A couple days later, Paul stopped to have a beer with a friend after school, and he came home with a weird smile on his face. “Mike told me a funny story today,” he said.

Paul’s friend had been a high school classmate of Paul’s, and his Best Man at our wedding. Mike was a lawyer. He, like Paul, grew up in Northampton; he, like Paul, knew everybody in town.

Paul told me that Mike had been sitting in a local watering hole the night before, when a buddy of his came in. The buddy was a cop. He looked exhausted, and he told Mike he’d been called in the night before for a domestic dispute between a married couple. It wasn’t the first time the police had been called on them. They were yelling at each other, the cop said, and the woman was throwing things at her husband, including insults in the kind of language that could’ve taught sailors a thing or two. “They were awful,” the cop told Mike, “And the woman was especially big and nasty and aggressive. I thought she’d kill him. I spent a couple hours trying to calm them down, get them to leave each other alone, but whenever it looked like I could finally leave, damned if she didn’t go at him again. And at me. I had to threaten to throw them both in jail before they cooled off enough for me to go.”

The very next afternoon, the cop said, he’d been called to check out an accident on Elm Street. “I drive up, and what do I see but this little Toyota, one side stoved in, with this poor little woman pregnant out to here, and this big old station wagon that’s obviously destroyed her car.
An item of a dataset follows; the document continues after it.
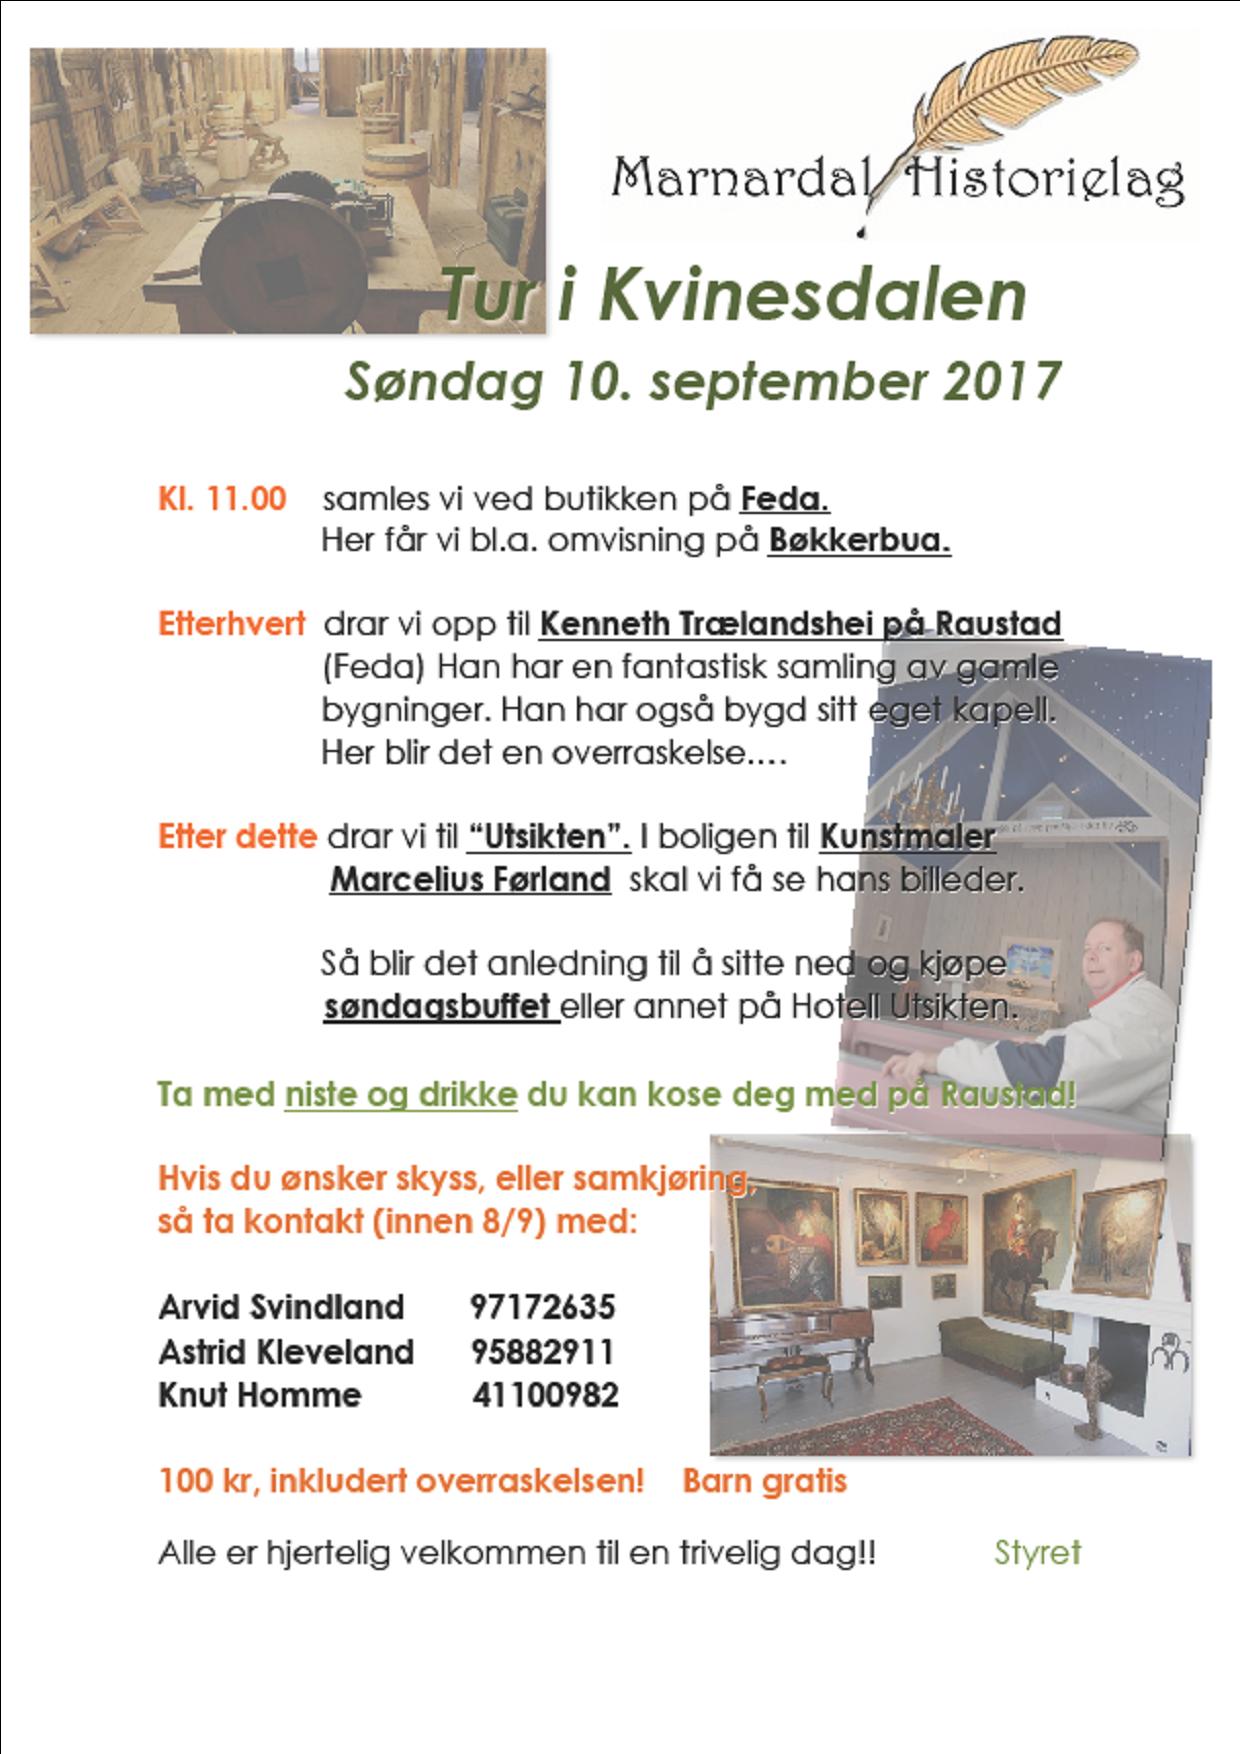 Plakat for tur til Kvinesdalen 10. sept 2017 Marnardal historielag

And who do I see behind the wheel of that station wagon, but this horrible woman who’d made my life such a hell the night before. I get out of my cruiser thinking, Man, this was handed to me by God himself—“

Paul paused, and the funky smile came back. “But then, the cop tells Mike, ‘So just when I’m about to lay into this woman, doesn’t the pregnant lady run up and say, “It was all my fault! It was my fault!” So what could I do but shut my mouth and hand out accident forms…’”

And that, my daughter, might well have something to do with why you came a week early.